The following Cypher query retrieves information for a single node in the graph:

neo4j-sh (?)$ MATCH (kenau:Person {name:"Keanu Reeves"})
>             RETURN kenau;
+----------------------------------------+
| kenau                                  |
+----------------------------------------+
| Node[1]{name:"Keanu Reeves",born:1964} |
+----------------------------------------+

The MATCH clause is roughly equivalent to the WHERE clause in SQL and the RETURN clause to a SELECT list.

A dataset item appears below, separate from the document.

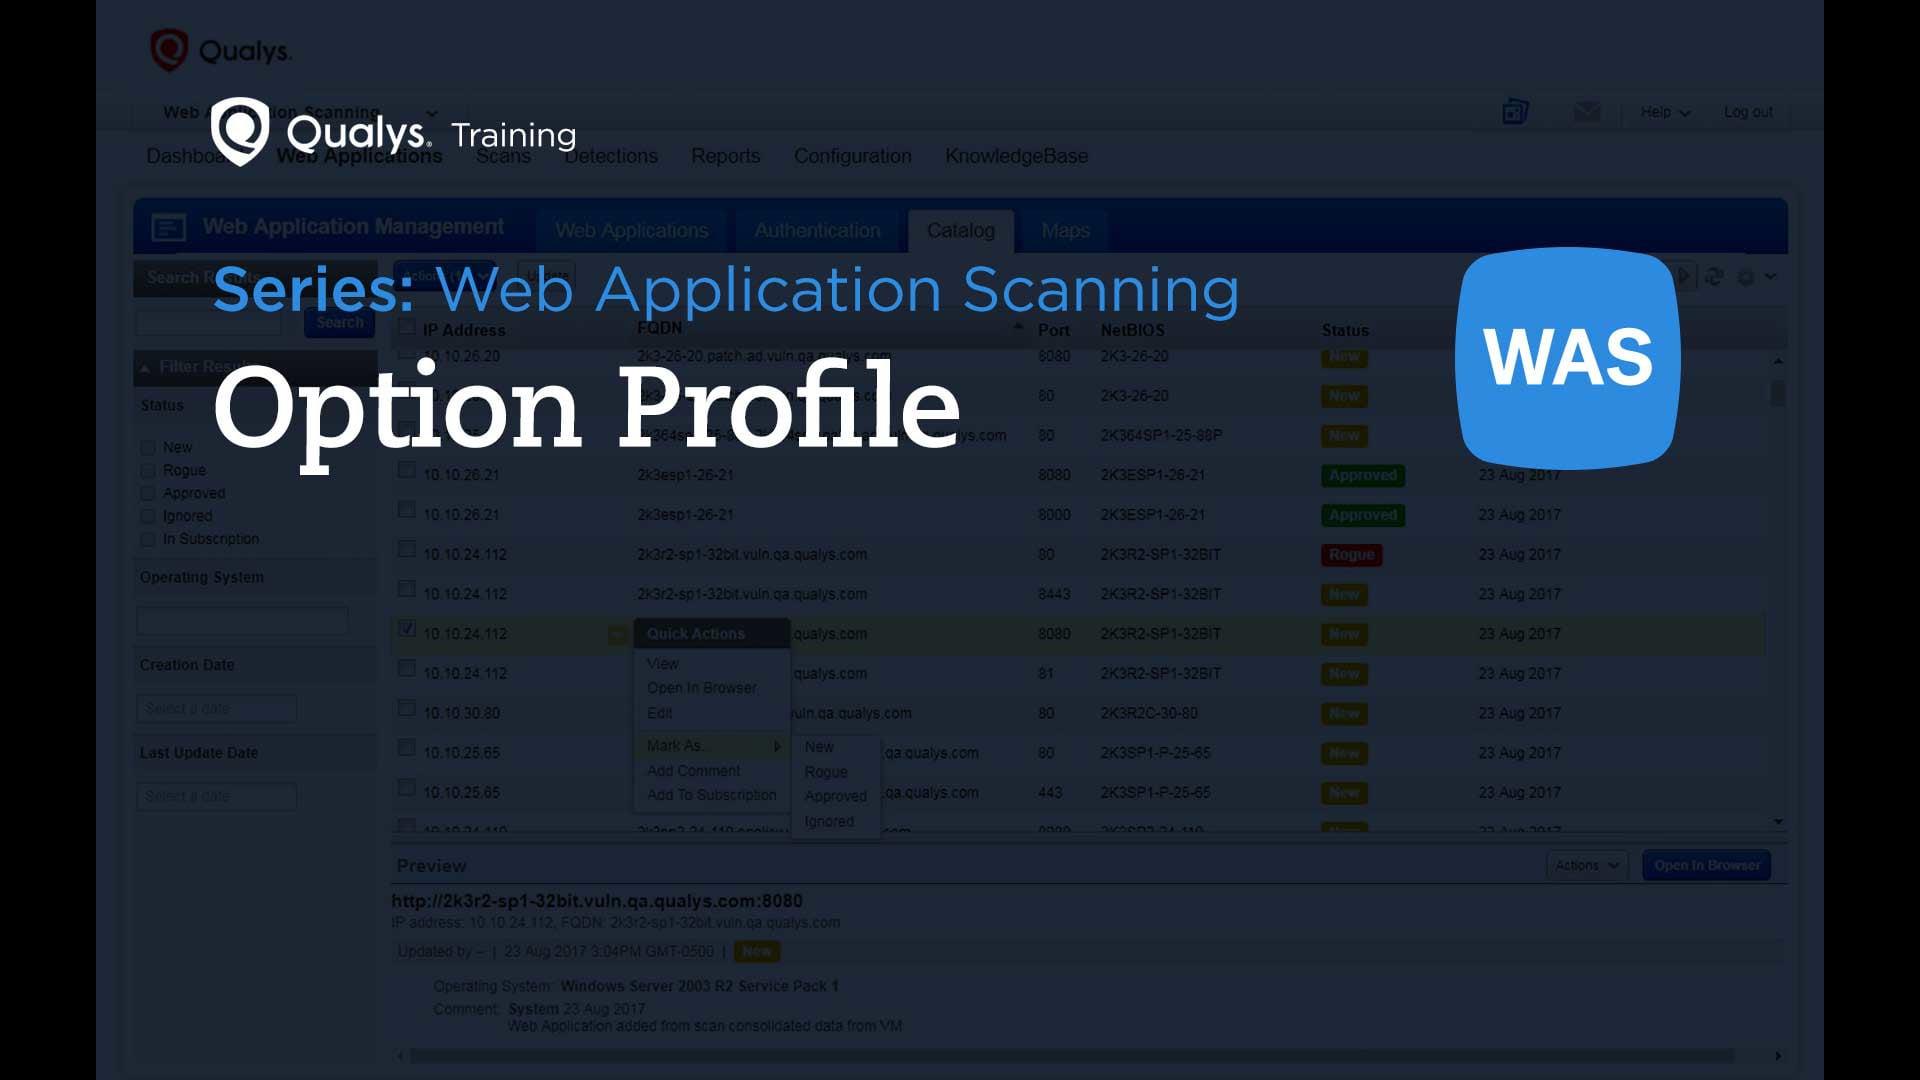 Option Profile
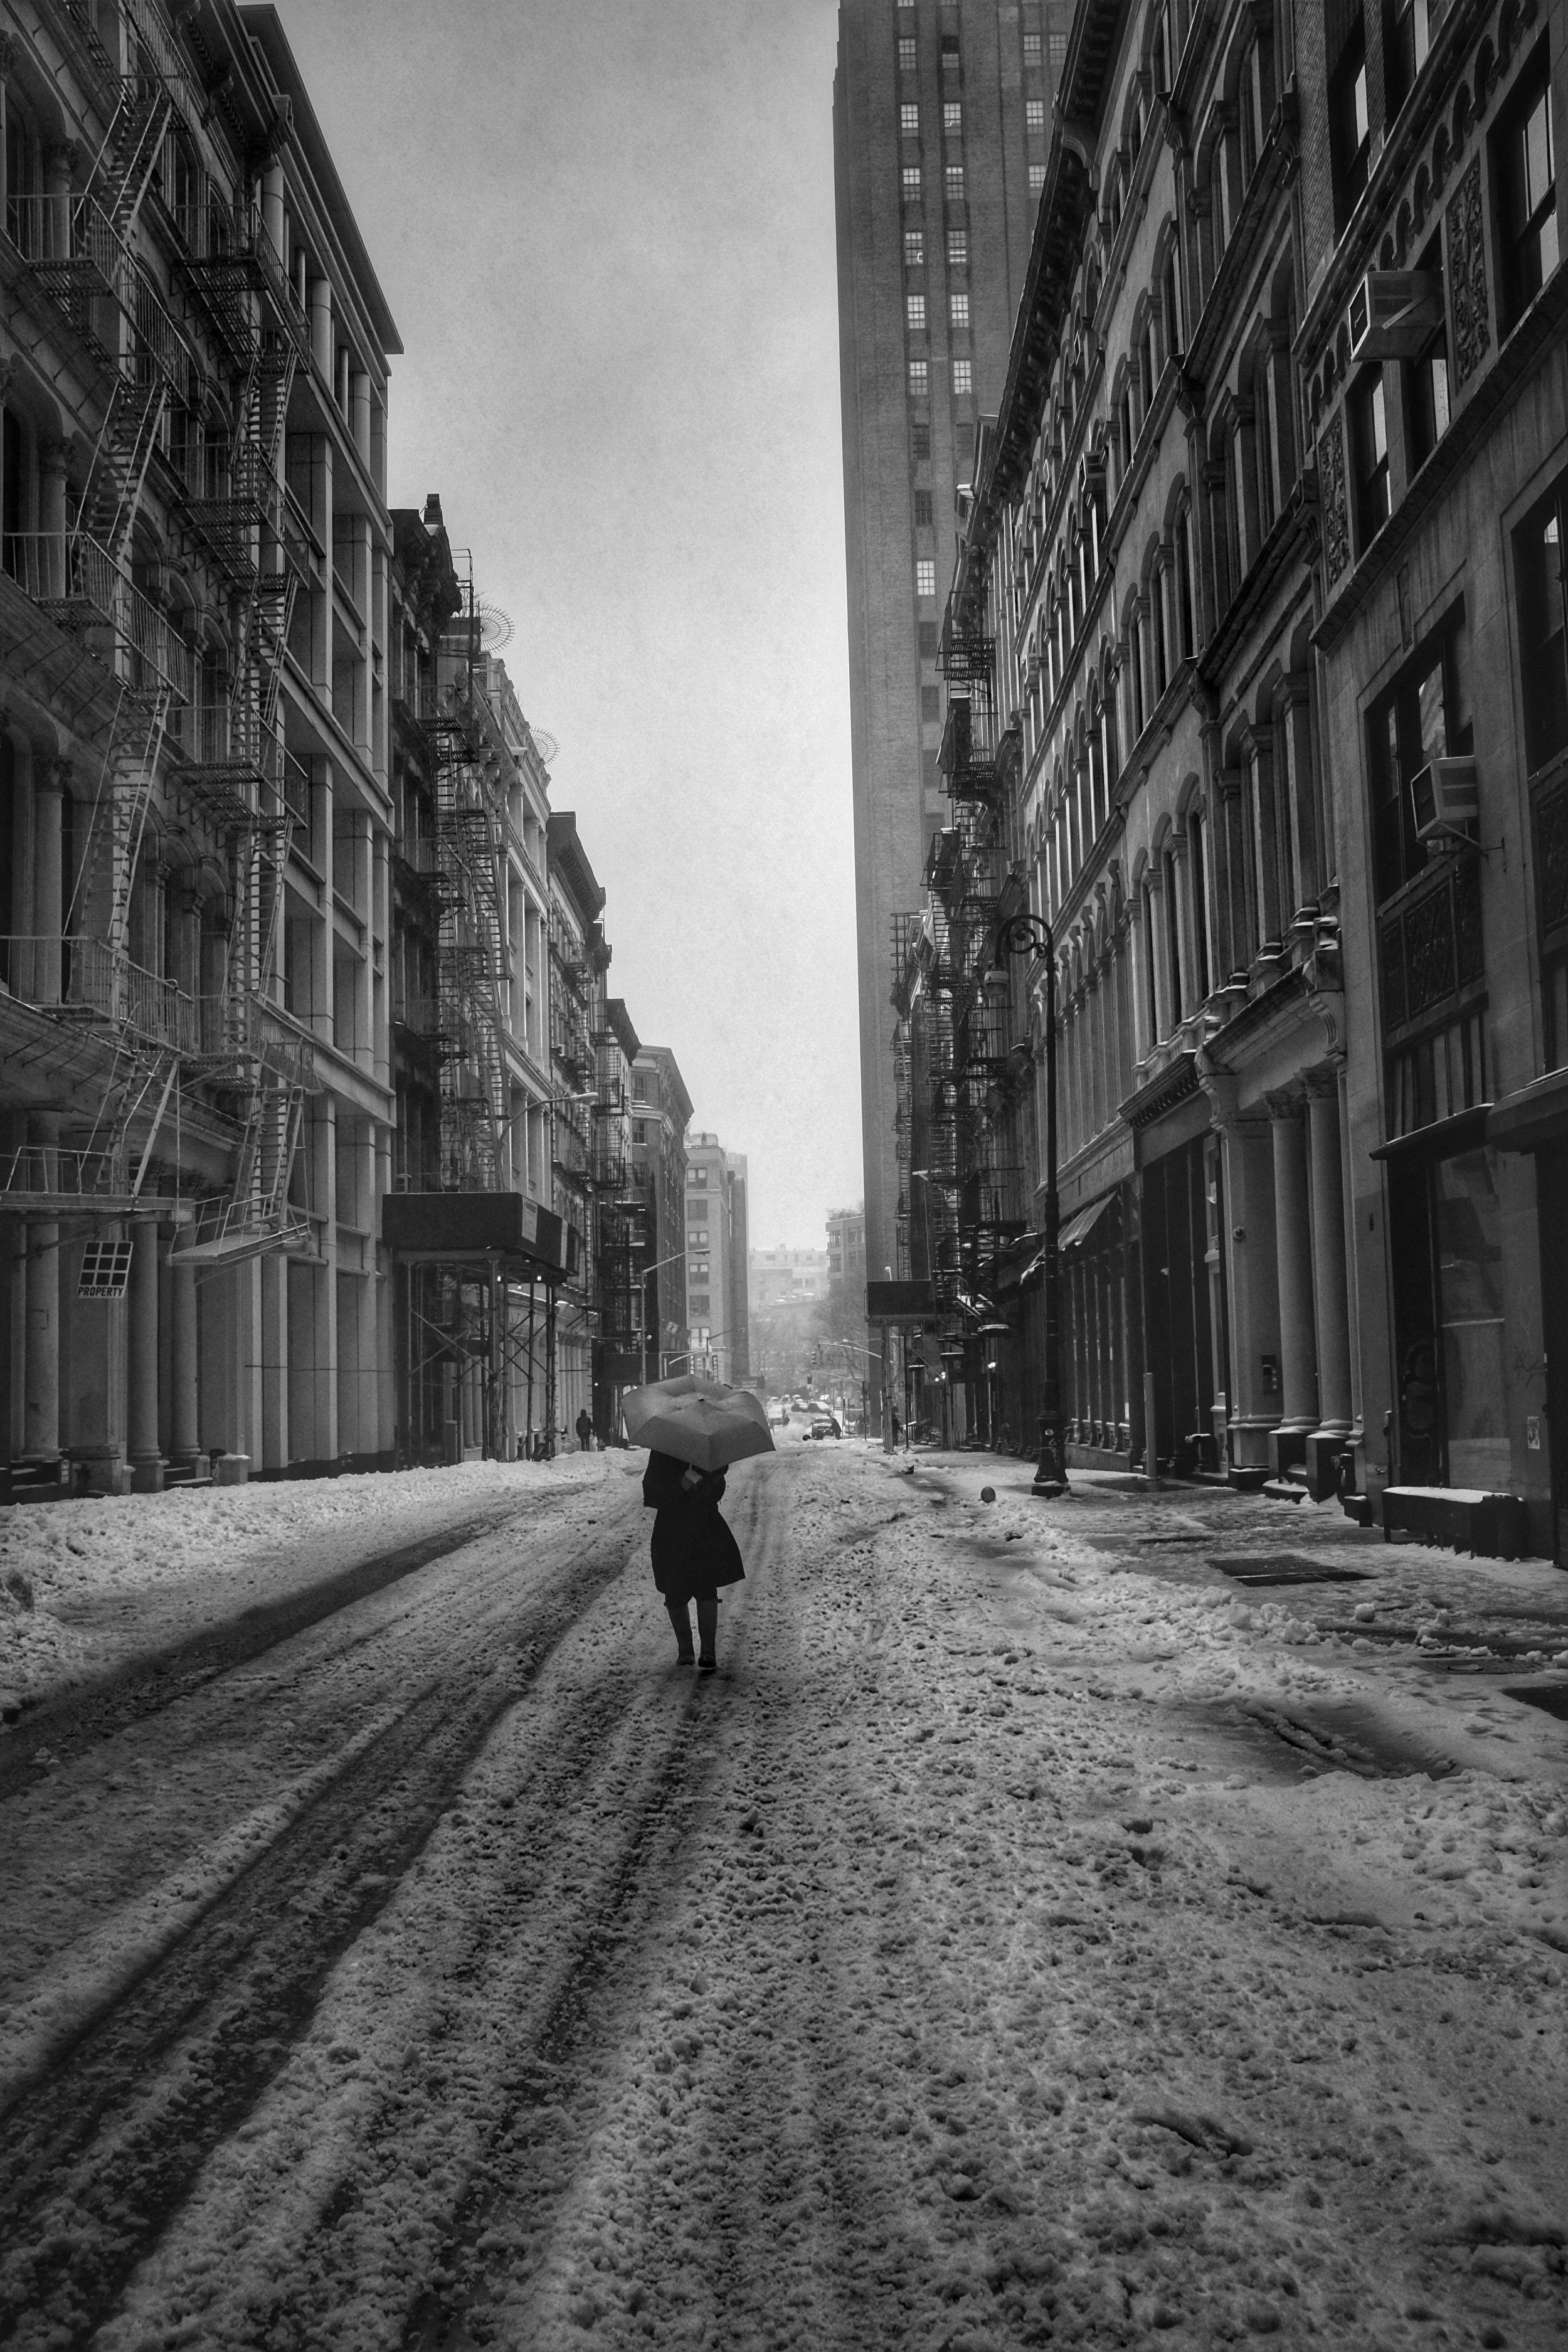 Walker Street. TriBeCa. New York City. 2017

MATCH supports a syntax for traversing relationships in the graph. For instance, the following query finds all the actors who have ever acted in the same movie as Keanu Reeves:

neo4j-sh (?)$ MATCH (kenau:Person {name:"Keanu Reeves"})
                 -[:ACTED_IN]->(movie)<-[:ACTED_IN]-(coStar)
              RETURN coStar.name;
+----------------------+
| coStar.name          |
+----------------------+
| "Jack Nicholson"     |
| "Diane Keaton"       |
| "Dina Meyer"         |
| "Ice-T"              |
| "Takeshi Kitano"     |

In the above example, we specified the relationship type (ACTED_IN) and the node type (movie). We can also specify a wildcard to match all relationship or node types and can specify the depth of the traversal, as in the following query which matches all nodes within two traversals from “Keanu Reeves.” This list will include all movies that he has starred in, together with all co-stars and directors.

neo4j-sh (?)$ MATCH (kenau:Person {name:"Keanu Reeves"})
               -[*1..2]-(related) RETURN distinct related;
+------------------------------------------------------------------------
| related
+------------------------------------------------------------------------
| Node[0]{title:"The Matrix",released:1999,
          tagline:"Welcome to the Real World"}
| Node[7]{name:"Joel Silver",born:1952}
| Node[5]{name:"Andy Wachowski",born:1967}
| Node[6]{name:"Lana Wachowski",born:1965}

Just as SQL queries generate result sets that are structured as tables, Cypher returns results that can themselves be graphs. For instance, in Figure 5-5, we generate a graph showing all nodes related to “Keanu Reeves” out to two levels.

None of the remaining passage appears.